The congregations of St. Philip’s, St. Michael’s, Grace, St. Mark's, Old St. Andrew’s and dozens of other Lowcountry churches have worshipped together for centuries. The oldest date back nearly to the city’s founding.
Those spiritual roots stretch beyond any particular building or property. They are priceless and intangible. They cannot be undone by any court ruling.
But the uprooting of some of those congregations would be a tragedy of historic proportions. It as an outcome that should be repellent to both sides of the church divide in South Carolina, and one that must be avoided through mediation that begins on Monday.

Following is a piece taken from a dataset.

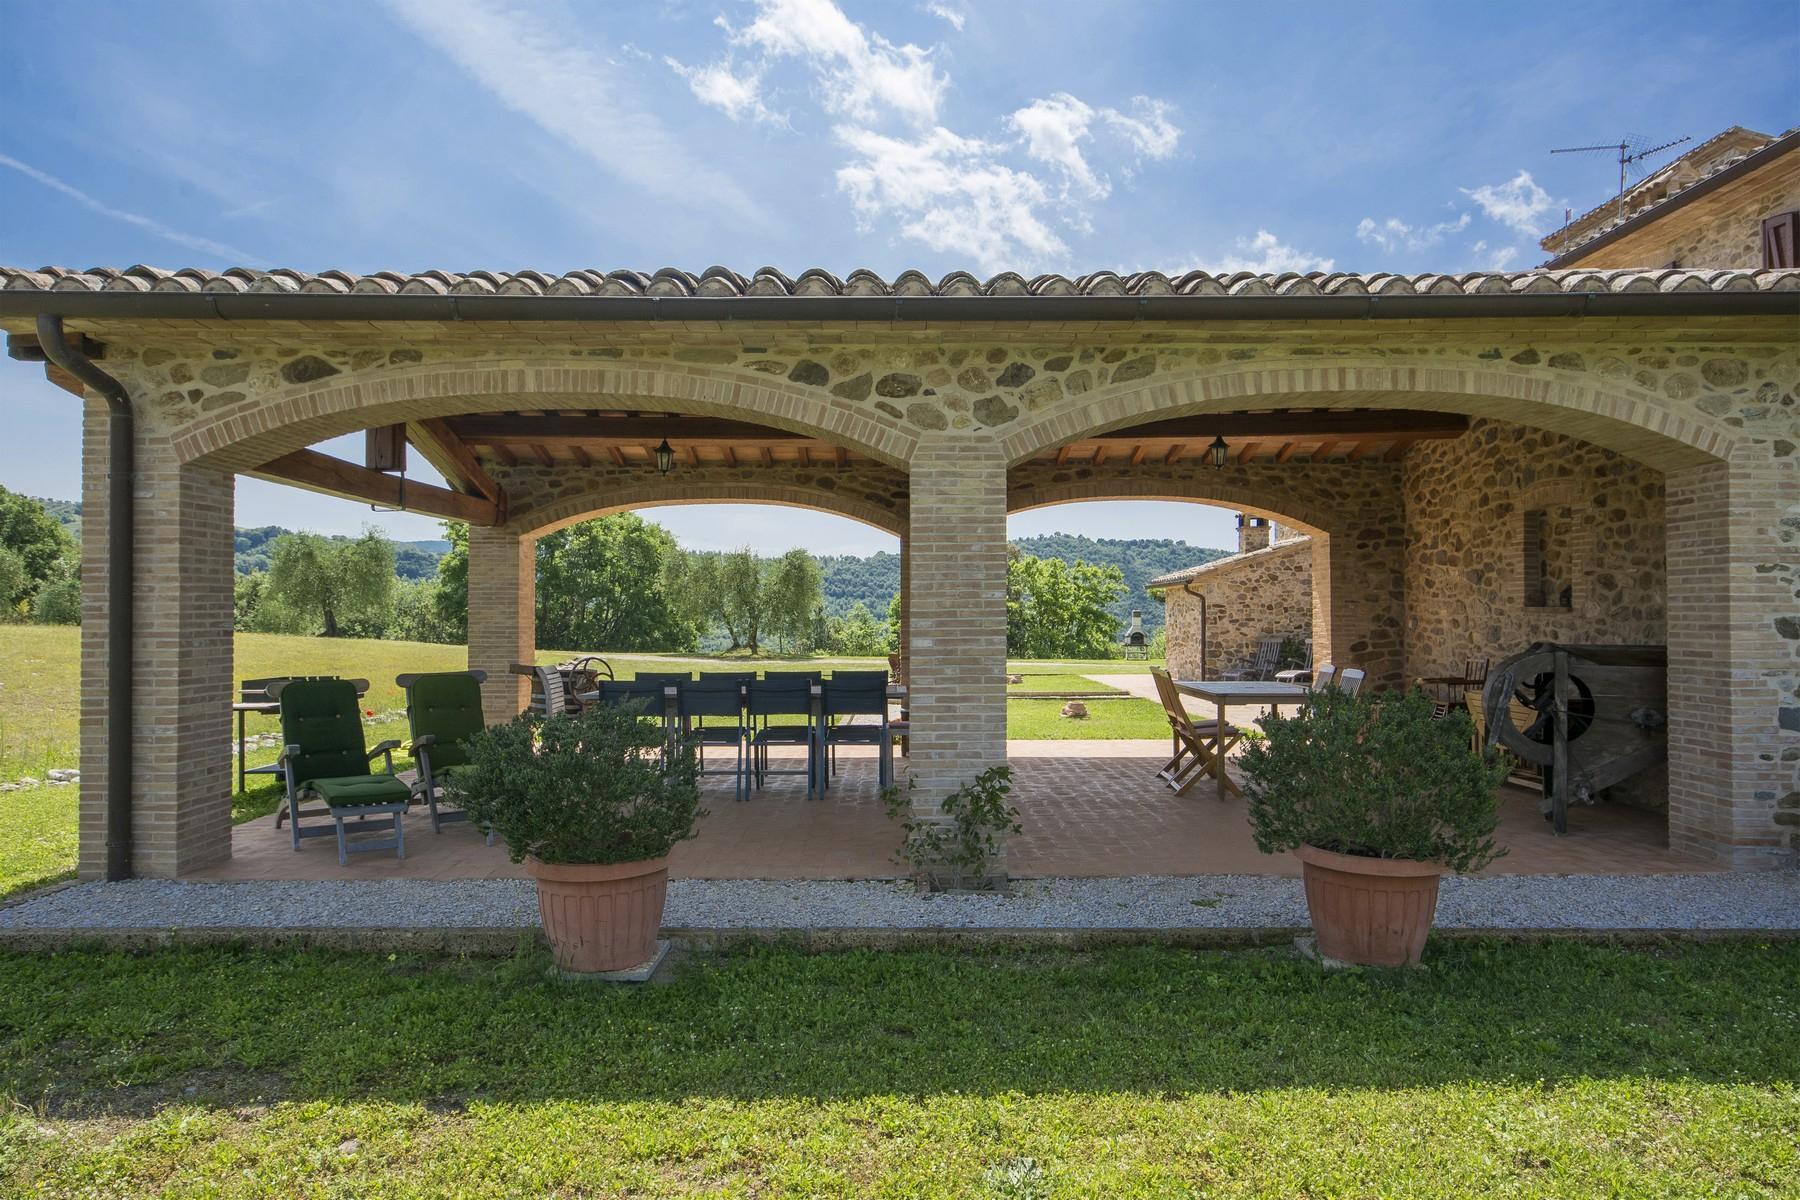 Eccezionale proprietà tra Toscana e Umbria - 6

In August, the state Supreme Court issued a ruling in favor of the Episcopal Church in South Carolina, which could ultimately mean the loss of dozens of properties belonging to churches that chose to break away from the national Episcopal Church and form the separate Diocese of South Carolina. Some of those churches have since aligned with the Anglican Church.
The Diocese of South Carolina has called that 3-2 ruling into question because of state Supreme Court Justice Kaye Hearn’s involvement in the Episcopal Church. In fairness, the motion for a rehearing should be granted, and Justice Hearn should recuse herself. But the rehearing request has yet to be acted on.
The purpose of mediation beginning Monday is to determine how to implement the August decision as amicably as possible. Even so, it still offers an opportunity for the disaffected church groups to preclude further legal battles over the valuable and historic properties in question.
Neither the Diocese nor the Episcopal Church in South Carolina may ever bridge the spiritual and philosophical divides that caused their separation. Nor need they do so. Both groups are free to worship as they see fit — a principle enshrined in the Constitution.
But an agreement should be reached that lets the Diocese of South Carolina and the Episcopal Church in South Carolina part ways while remaining in the churches they have called home for so many generations.
Failure to do so would do further harm to the Christian spirit of unity and goodwill that ought to bring Lowcountry churches together rather than tear them apart. Reaching a mediated accord could avoid years of additional lawsuits and appeals and divisions among friends and neighbors.
Congregations are more than four walls and a roof. Church homes are where congregants have gathered each week and marked countless milestones — baptisms, weddings, funerals — over the years and, in many cases, centuries. Losing that over even the most deeply held disagreement is unthinkable.
Both parties should diligently seek an accord in this week’s mediation that will allow congregations to worship in their church homes for centuries to come.